Basicamente aqui, a comunicação é mais do que apenas uma técnica ...
A comunicação é um processo social complexo de compartilhamento de conhecimentos, não só onde o conhecimento é equivalente a poder (questão muito antiga), uma vez que a comunicação tem a ver com a criação de vínculos de confiança, com o fortalecimento das conexões entre os sistemas e os ecossistemas. Portanto, é importante estar ciente de que os conhecimentos e as competências no campo da comunicação não devem ser ligados exclusivamente com a habilidade técnica de governar instrumentos de comunicação ou de conexão; o problema é tentar governar a complexidade social e organizacional e, ao mesmo tempo, aprender a comunicar as suas numerosas implicações. Isso requer uma atenção especial à dimensão metodológica e àquela de cultura organizacional. Em vez disso, existe o risco muito concreto de que a nossa oferta de formação universitária, no que diz respeito ao papel do comunicador, venha a coincidir substancialmente com a formação de um vendedor ou um formador de opinião, mais ou menos oculto. O ponto principal, em minha opinião, é que não se deve apenas formar para a comunicação, mas também educar para a comunicação.
Você falou acima de figuras híbridas como protagonistas do próximo futuro. Também escreveu que "não podemos mais nos dar ao luxo de formar apenas técnicos e isso justamente porque estamos em uma civilização hipertecnológica": não é um paradoxo?
Não é apenas um paradoxo, é o "grande equívoco" da civilização tecnológica. Precisamos formar cada vez mais "gestores da complexidade", que é uma complexidade social, relacional, organizacional, uma complexidade não passível de objetivação por nenhuma fórmula, capaz de escapar a qualquer processo de redução. As organizações em que vão e irão trabalhar os jovens, são sistemas sociais, nós precisamos educá-los, formá-los e atualizá-los para isso, para viver essa complexidade, que nunca é previsível até o fundo.
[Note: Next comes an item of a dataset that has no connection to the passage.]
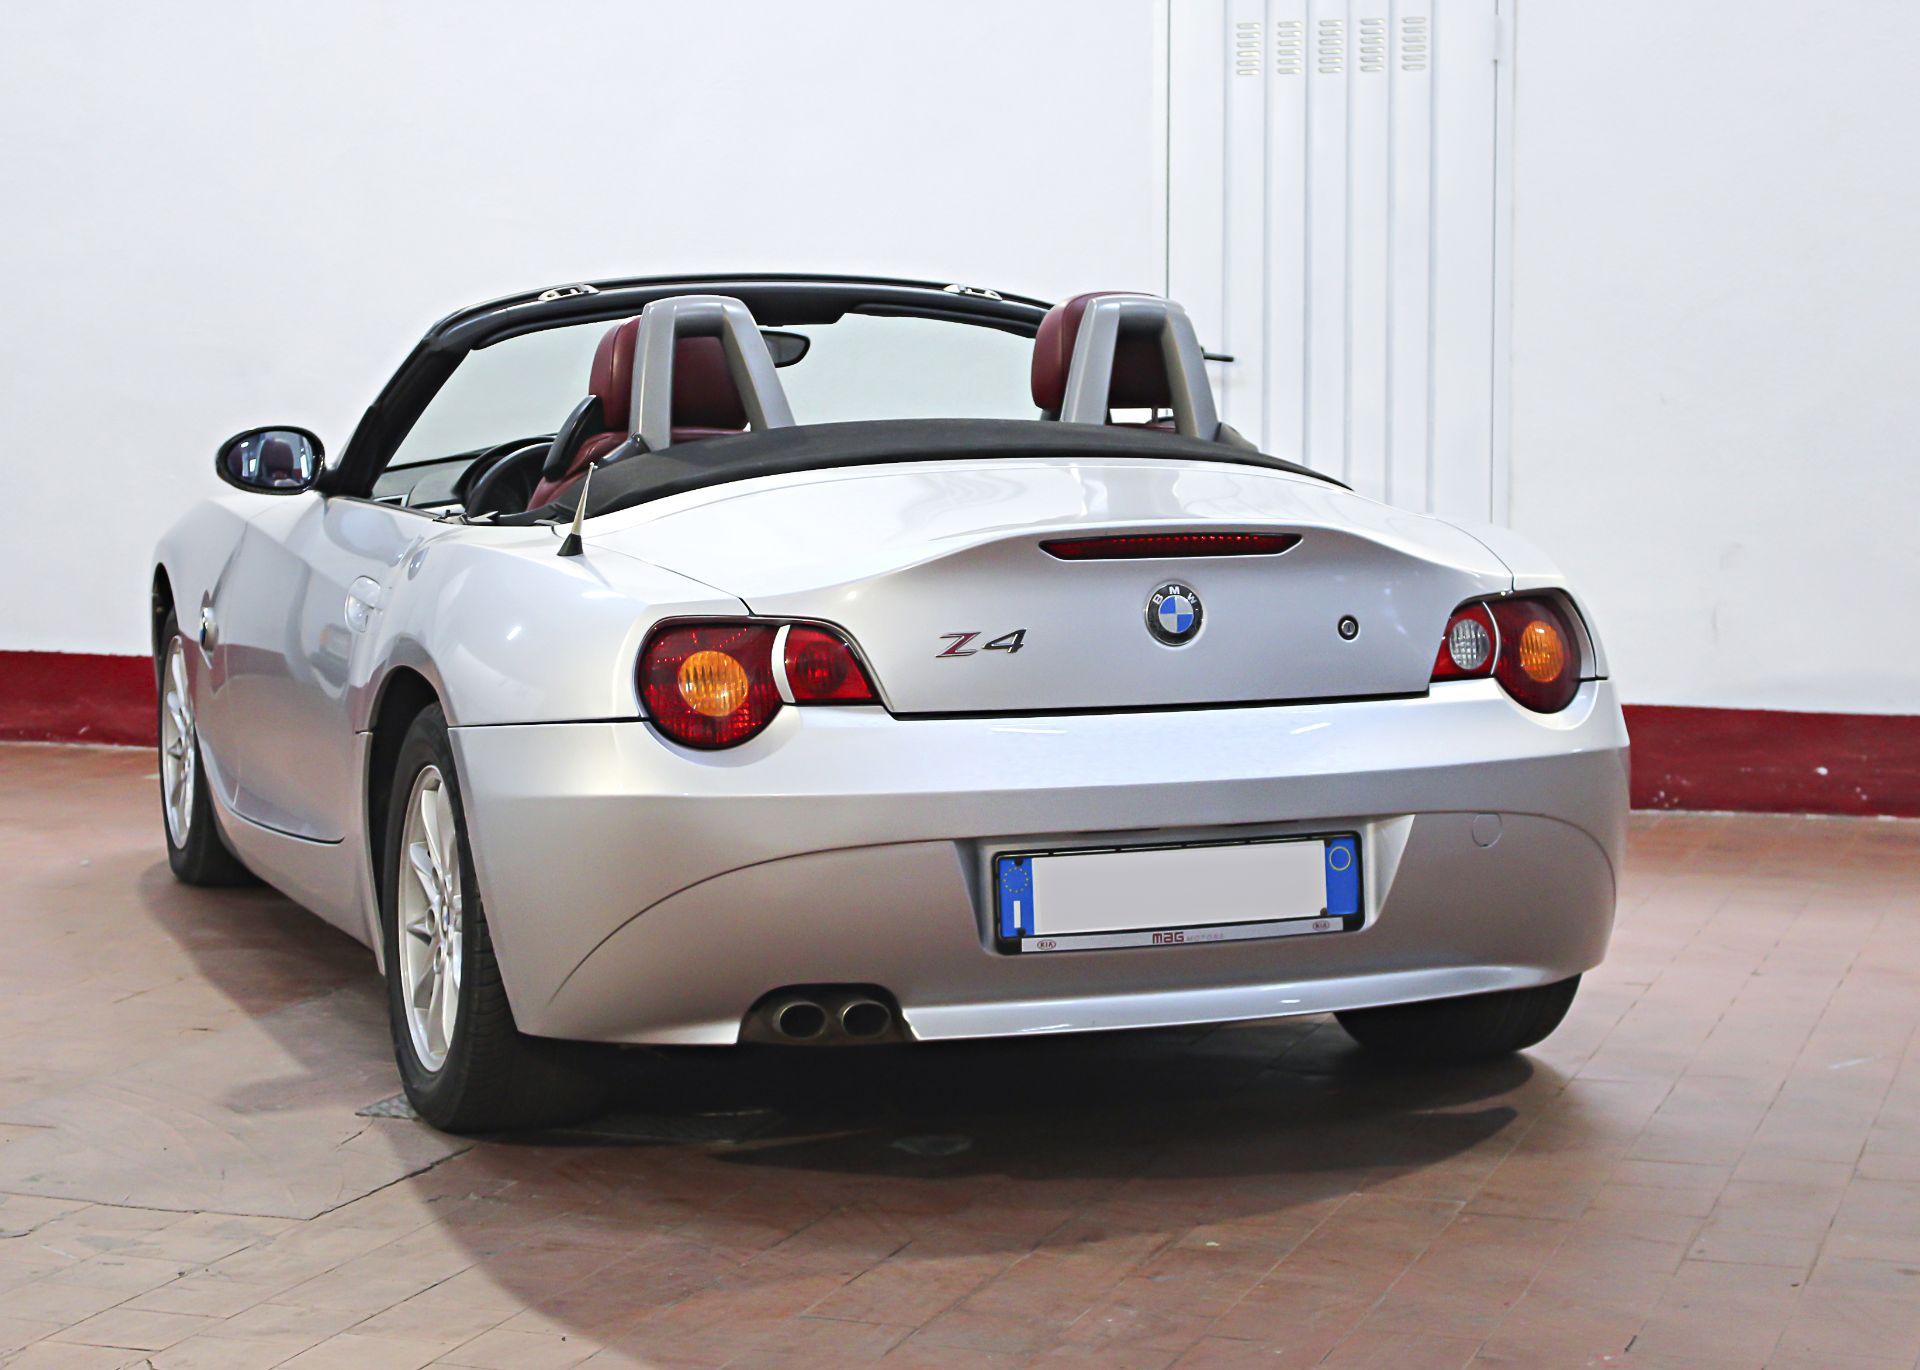 BMW Z4 2.5i 2003 - Image 2 of 3

Ao nível do discurso público, em vez disso se continua a repetir que são necessários (apenas) engenheiros, profissionais das ciências exatas, algumas figuras e não outras; ainda se está pensando em termos de "duas culturas", sobre a falsa dicotomia entre educação humanista e formação científica, algo inacreditável. Precisamos obrigatoriamente superar tais dicotomias.
Qual é o risco de permanecer presos no antigo dualismo entre cultura humanista e técnico-científica?
Continuar a pensar que, para essa civilização hipertecnológica, só sirvam figuras muito preparados para "saber fazer", para "saber como usar", no âmbito de uma dimensão altamente técnica e tecnológica, responde a uma impostação míope que vai nos manter em um estado de perene atraso cultural. Como eu sempre repito, continuaremos a nos contar que a tecnologia é mais rápida que a cultura, como se a primeira fosse algo externo à segunda. Repito: precisamos de figuras híbridas, de gestores da complexidade (uso tal fórmula por conveniência e por síntese), que saibam enxergar oportunidades no que hoje definimos e reconhecemos como riscos, vulnerabilidades, variáveis de uma perigosa desordem, capazes de tornar ainda mais instáveis e inseguros os sistemas e a vida social. Para outros temas e questões muitas vezes se recorre à metáfora das "pontes, não muros", uma metáfora que podemos empregar também nesses contextos. É hora de facilitar a construção de pontes entre os saberes, entre as competências, entre o natural e o artificial (ultrapassando fronteiras), entre os saberes e a vida, entre o humano e o tecnológico. Habitar a hipercomplexidade, não só saber gerenciar/controlar as tecnologias, explorando todo o seu potencial: e há muito mais.